Glory Be

The lights don’t turn on anymore. And the sink dribbles but doesn’t run. 

I drank all the sodas and crushed all the cans. There was nothing else in the refrigerator. I found a jar of peanut butter in the cupboard. I ate it with my finger. I turn the radio on and keep it on all day and all night because I don’t like the silence. She didn’t like it either. She would hum while she did the dishes, folded the laundry, brushed my hair. 

I pray everyday because Father Anderson said that if you don’t pray then God will make bad things happen. I didn’t used to pray every day. Maybe this is why she doesn’t come home. So now I put the beads of my rosary between my fingers and on the crucifix, I say the Apostle’s Creed, then on the next bead, I say the “Our Father’’ prayer. Then three Hail Marys. Last is the Glory Be. I say this one slowly so that God can hear it and I close my eyes really tight until I see red. 
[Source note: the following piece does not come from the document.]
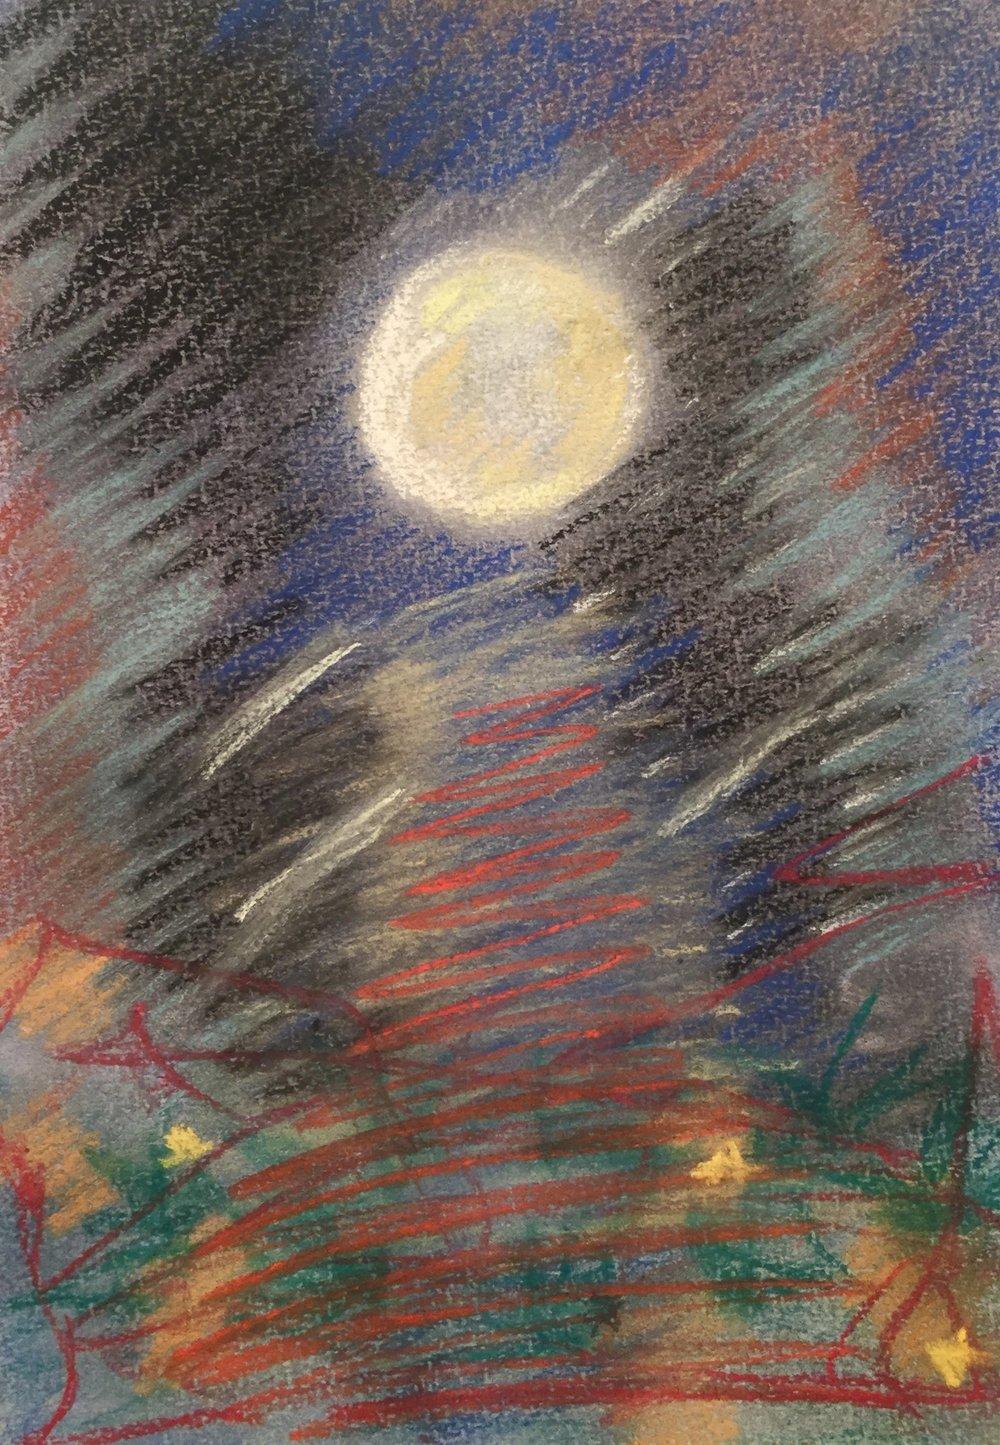 Full Moon Walk in the Catskills, 12 x 9 Pastel on Paper, 1996

   Sometimes in the afternoons I pretend that I’m going to church and I put on her white heels and her long dress with little blue cornflowers and rub her lipstick in a circle and take a tissue and kiss it like she used to. I go to the mirror in the front hall and look at myself. People used to say that I looked like her. All the ladies at church would tell me I have her eyes. Green eyes. But hers were lighter than mine.

It is so cold and the stove won’t turn on and the radiator won’t either and I can’t sleep. I count down from ten and when I get to zero I throw off the quilt and run down the hall and into her closet and grab her big grey coat with holes in the pockets. I put it on over my pajamas and then I run into the kitchen and sit on the floor next to the sink. I pretend I am in her arms, the coat is her body. I run my hand over my forehead and through my hair. Over and over, just like she used to so I could sleep. My heart slows again. I pretend God is sitting next to the refrigerator, across from me. He is puffing on a cigarette like the man who came over on the weekends. God has a low voice and a bouncing knee. 

“You okay?” He asks and one of his eyebrows goes up. 

I nod. 

“You miss her don’t you.” Big puff. 

I nod again. 

“She knows you miss her.” God has a lazy eye. 

“Well if she knows that then why doesn’t she come back?” I ask. Little tears come down my cheeks and onto her jacket. I wipe them with the back of my hand. 

“I pray,” I say. 

“I know.” Another puff. He looks at me hard with his good eye. 

“She loves you.” he says. Both eyes look at me and his knee starts jerking crazy.